Sorry for the unclear description, I thought mistakenly that it's
probably straightforward.

With the change in this patch, all 14 vector float comparison operators
(unordered/ordered/eq/ne/gt/lt/ge/le/ungt/unge/unlt/unle/uneq/ltgt)
would be handled early in rs6000_emit_vector_compare.

For unordered/ordered/ltgt/uneq, the new way is exactly the same
as what we do in rs6000_emit_vector_compare_inner, it means there is
no chance to get into rs6000_emit_vector_compare_inner with any of them.
For eq/ge/gt, it's the same too, but they are shared with vector integer
comparison, I just left them alone here.  Just noticed we can remove ge
safely too as it's guarded with !MODE_VECTOR_INT.

For ne/ungt/unlt/unge/unle, rs6000_emit_vector_compare changes the code
with reverse_condition_maybe_unordered and invert the result, it's the
same as what we have in vector.md.

; unge(a,b) = ~lt(a,b)
; unle(a,b) = ~gt(a,b)
; ne(a,b)   = ~eq(a,b)
; ungt(a,b) = ~le(a,b)
; unlt(a,b) = ~ge(a,b)

Then eq/ge/gt on the right side would match the cases that were mentioned
above.  So we just need to focus on lt and le then.

For lt, rs6000_emit_vector_compare swaps operands and the operator to gt,
it's the same as what we have in vector.md:

; lt(a,b)   = gt(b,a)

, and further matches the case mentioned above.
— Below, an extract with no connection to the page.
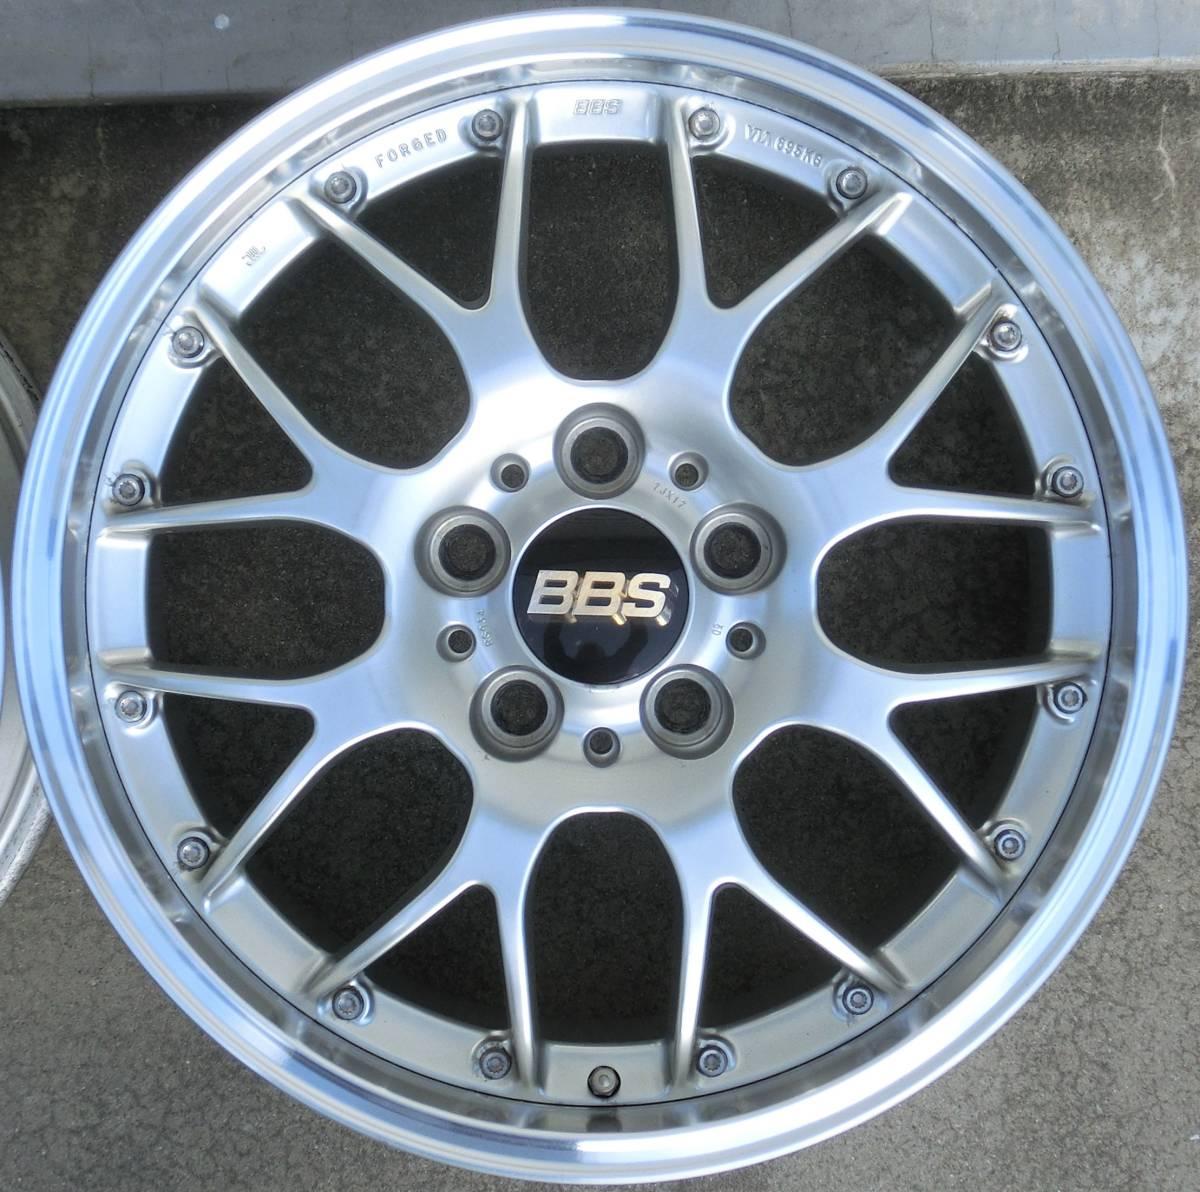 BBS RS-GT 17x7.0J+50 114.3 5H RS934 ノア ボクシー C-HR ステップワゴン オデッセイ セレナ CX-5 CX-3 CR-Z アクセラRG-R RFレイズCE28N_画像5

As to le, rs6000_emit_vector_compare tries to split it into lt IOR eq,
and further handle lt recursively, that is:
   le = lt(a,b) || eq(a,b)
      = gt(b,a) || eq(a,b)

actually this is worse than what vector.md supports:

; le(a,b)   = ge(b,a)

In short, the function rs6000_emit_vector_compare_inner is only called by
twice in rs6000_emit_vector_compare, there is no chance to enter
rs6000_emit_vector_compare_inner with codes unordered/ordered/ltgt/uneq
any more, I think it's safe to make the change in function
rs6000_emit_vector_compare_inner.  Besides, the proposed way to handle
vector float comparison can improve slightly for UNGT and LE handlings.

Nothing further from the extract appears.